## Recorded information
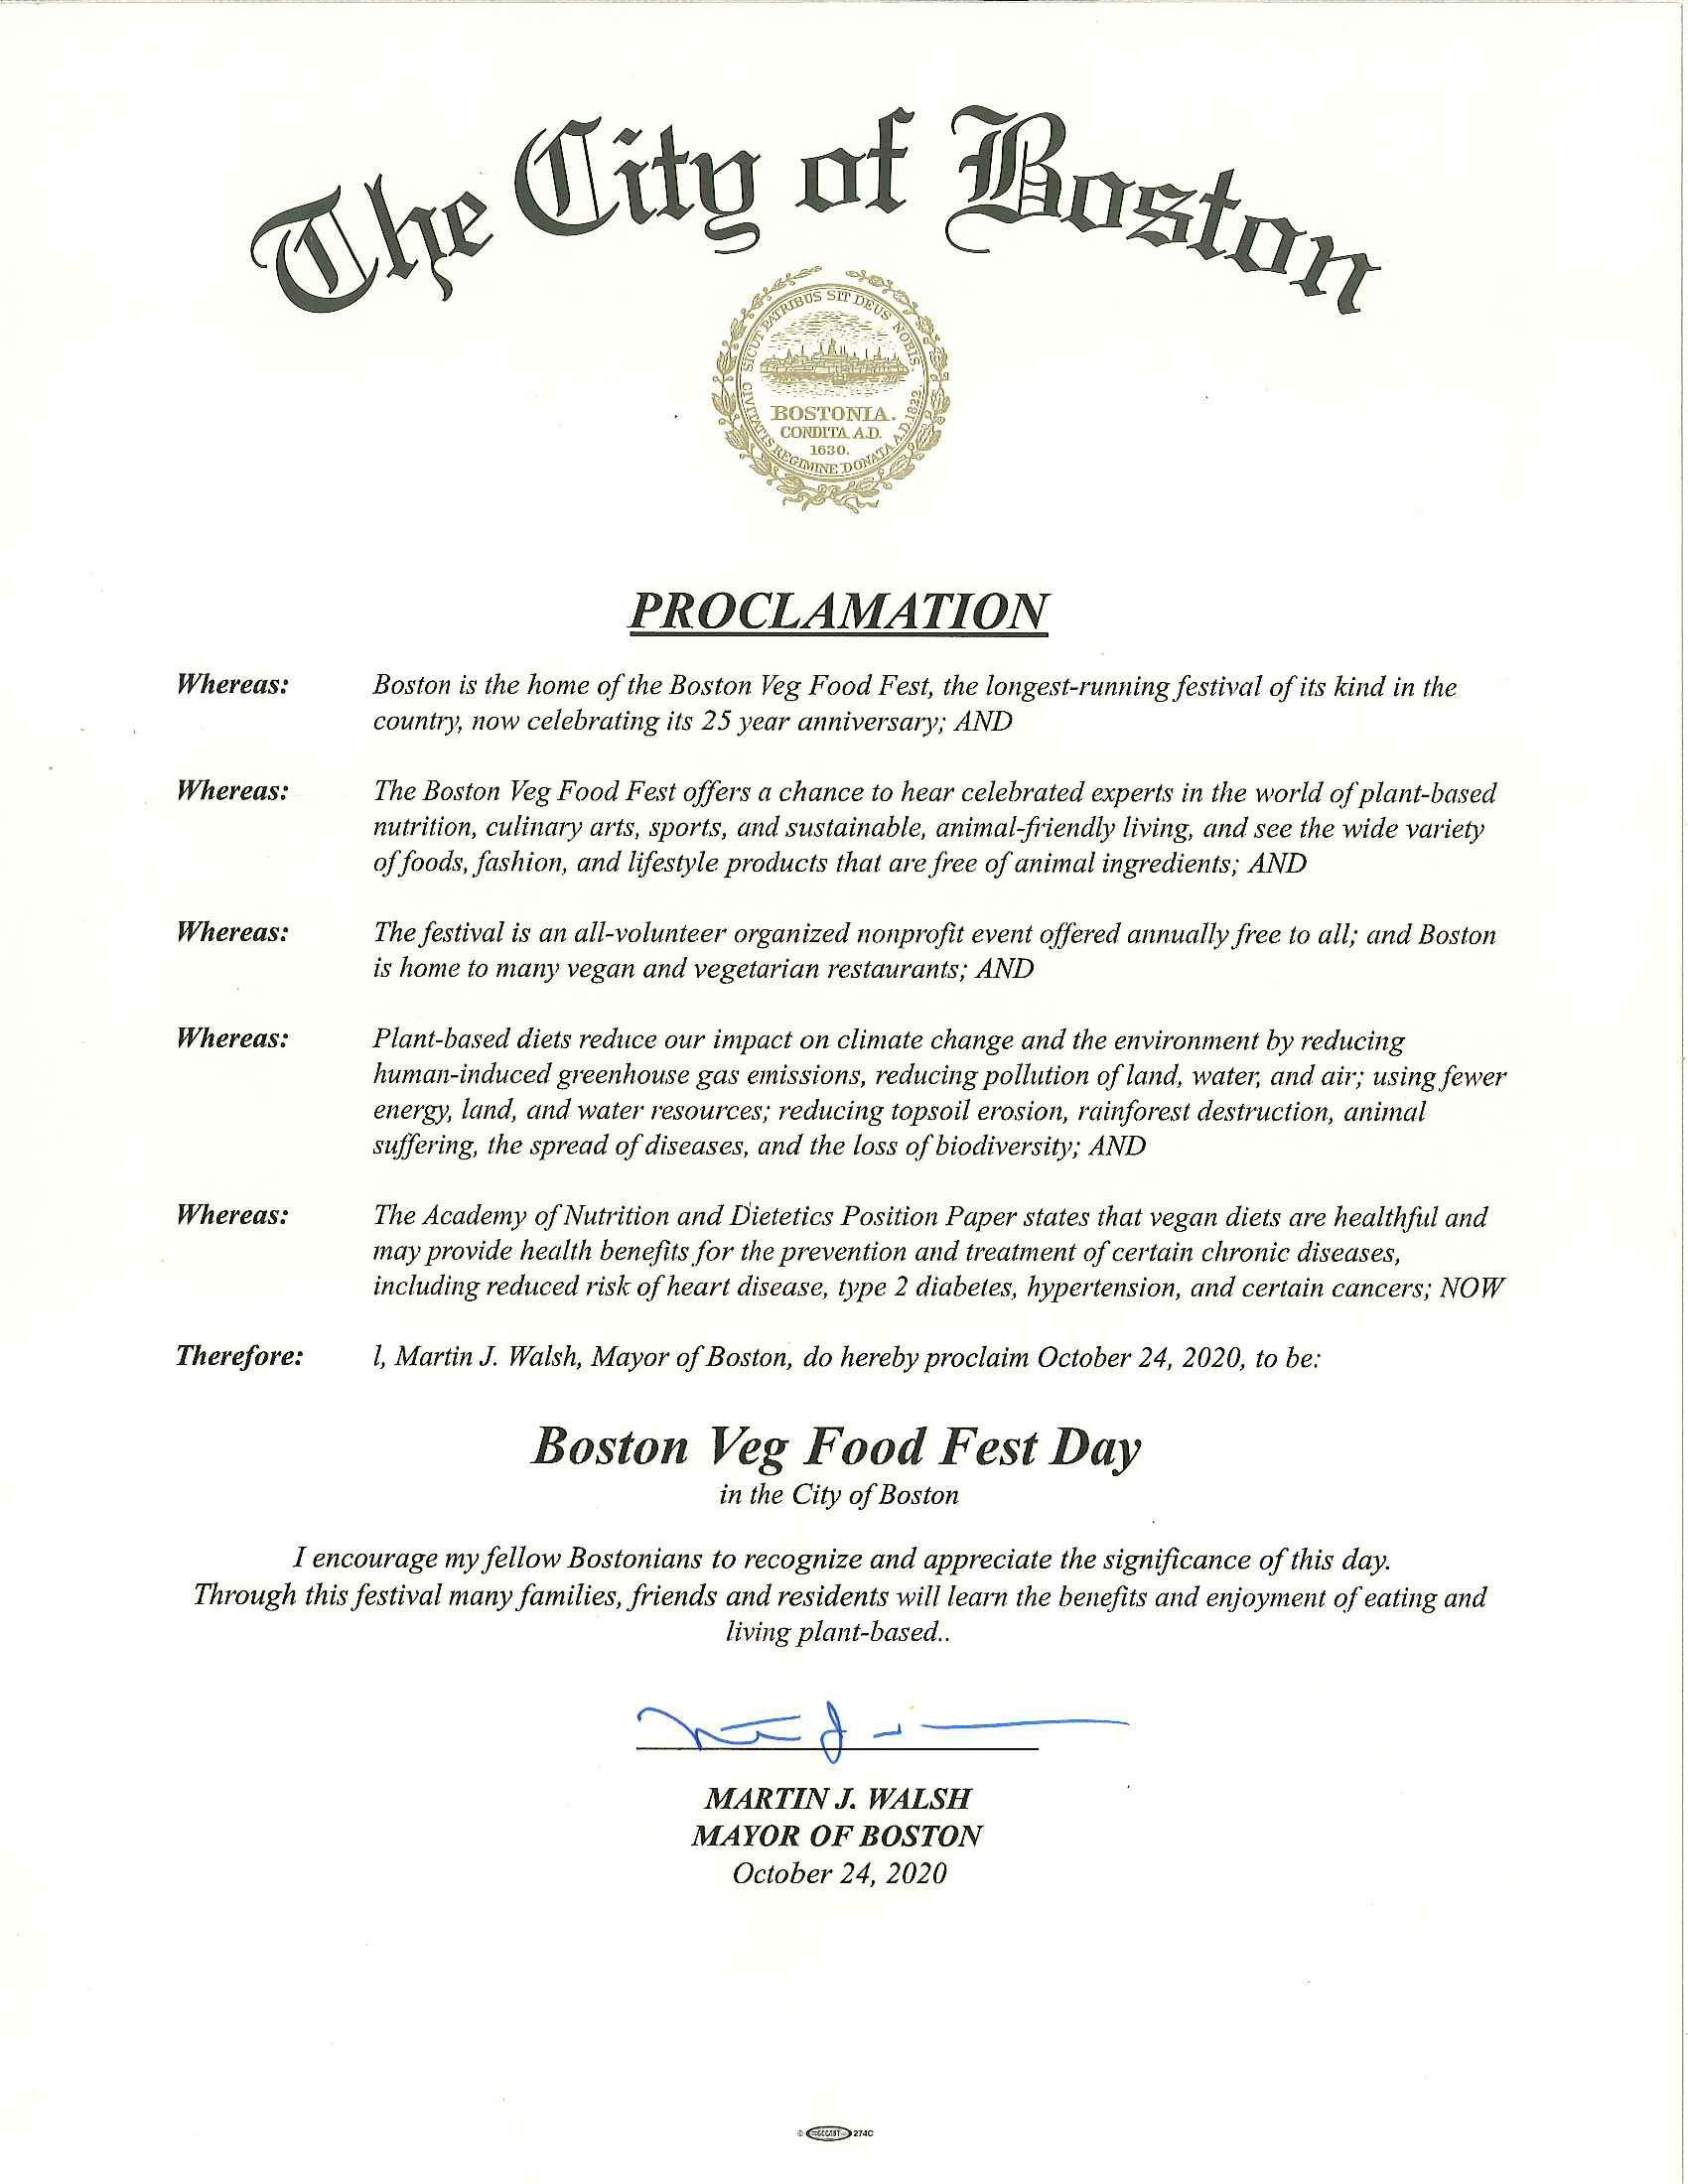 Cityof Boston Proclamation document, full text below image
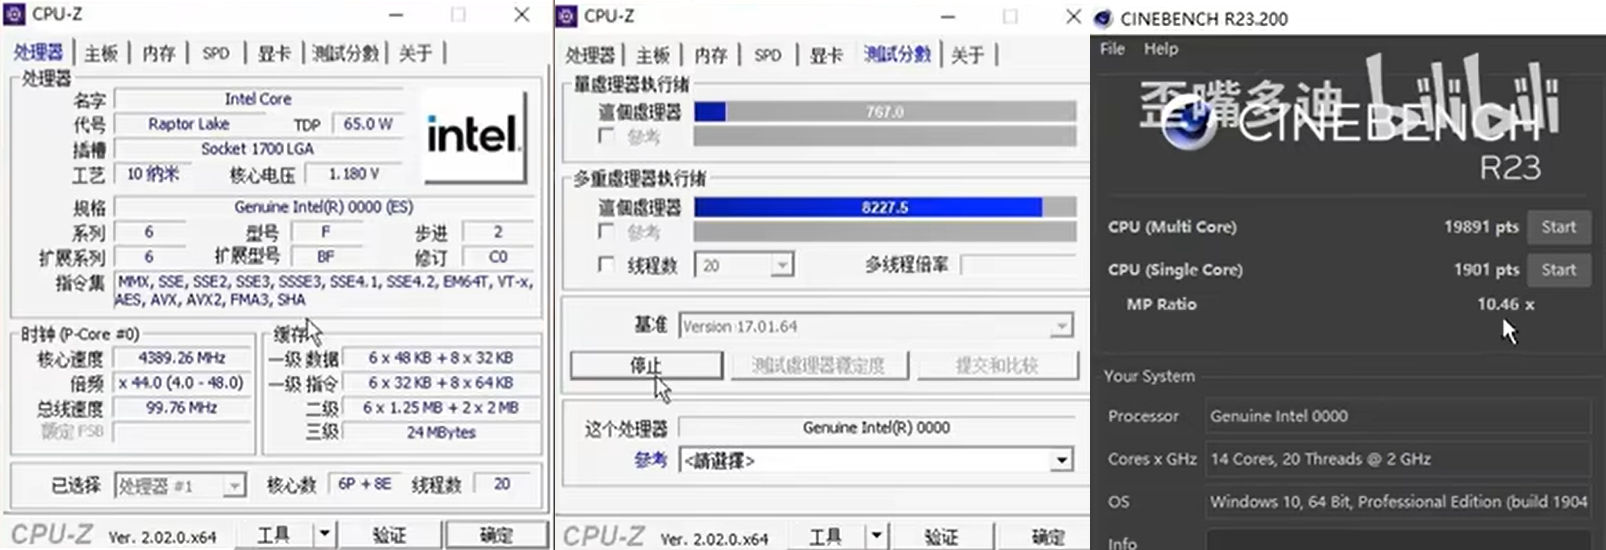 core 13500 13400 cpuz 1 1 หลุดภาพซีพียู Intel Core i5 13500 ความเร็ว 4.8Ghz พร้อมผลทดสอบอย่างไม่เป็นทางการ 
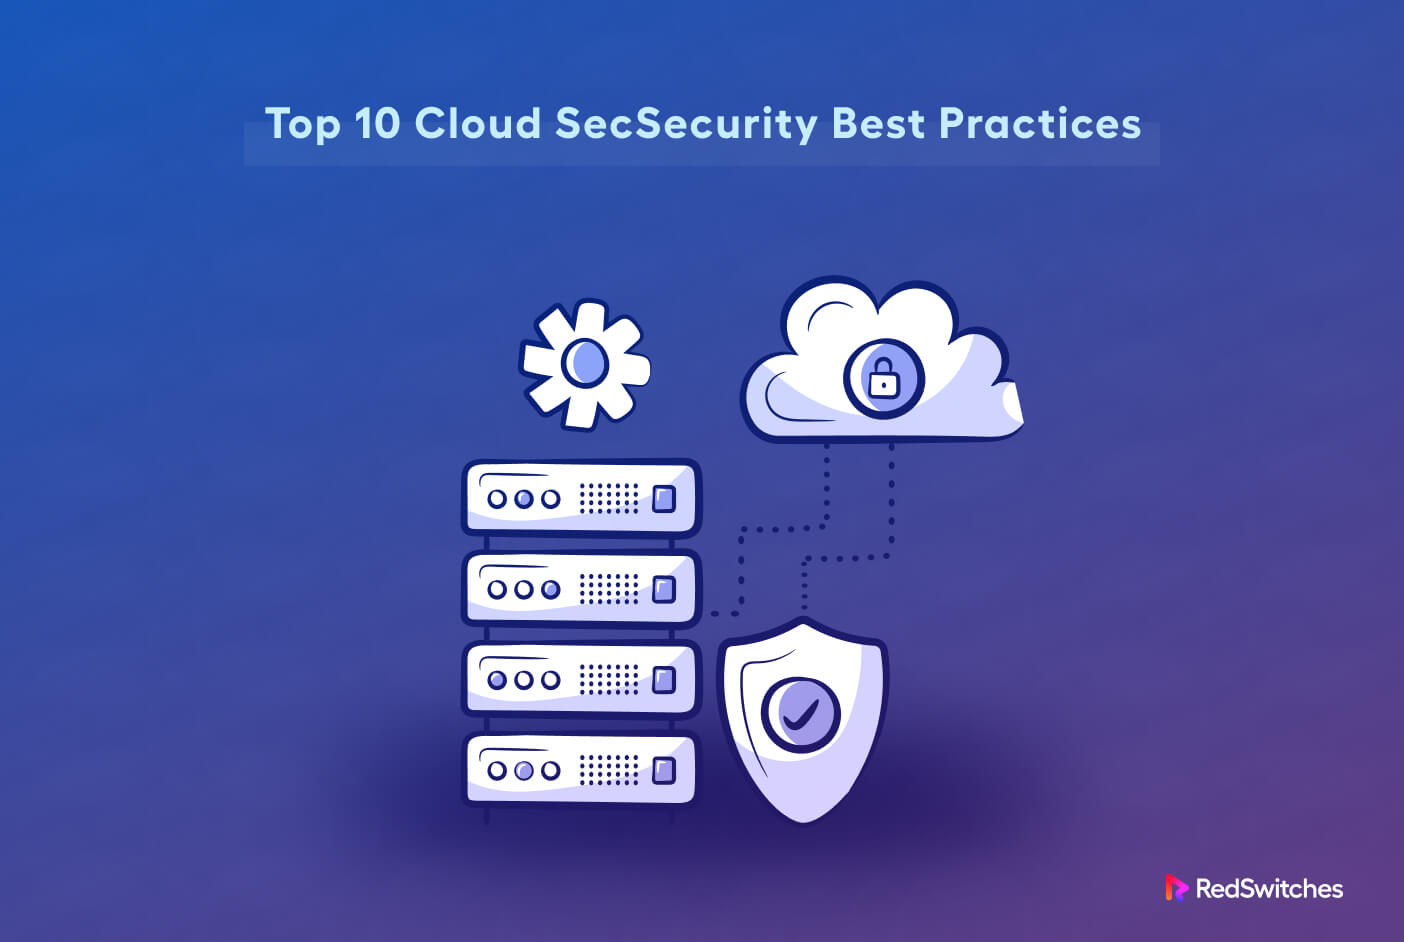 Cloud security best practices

## Your instructions
Give back the material above exactly as it appears, minus any picture.

## Problem solution
 Cityof Boston Proclamation document, full text below image
 core 13500 13400 cpuz 1 1 หลุดภาพซีพียู Intel Core i5 13500 ความเร็ว 4.8Ghz พร้อมผลทดสอบอย่างไม่เป็นทางการ 
 Cloud security best practices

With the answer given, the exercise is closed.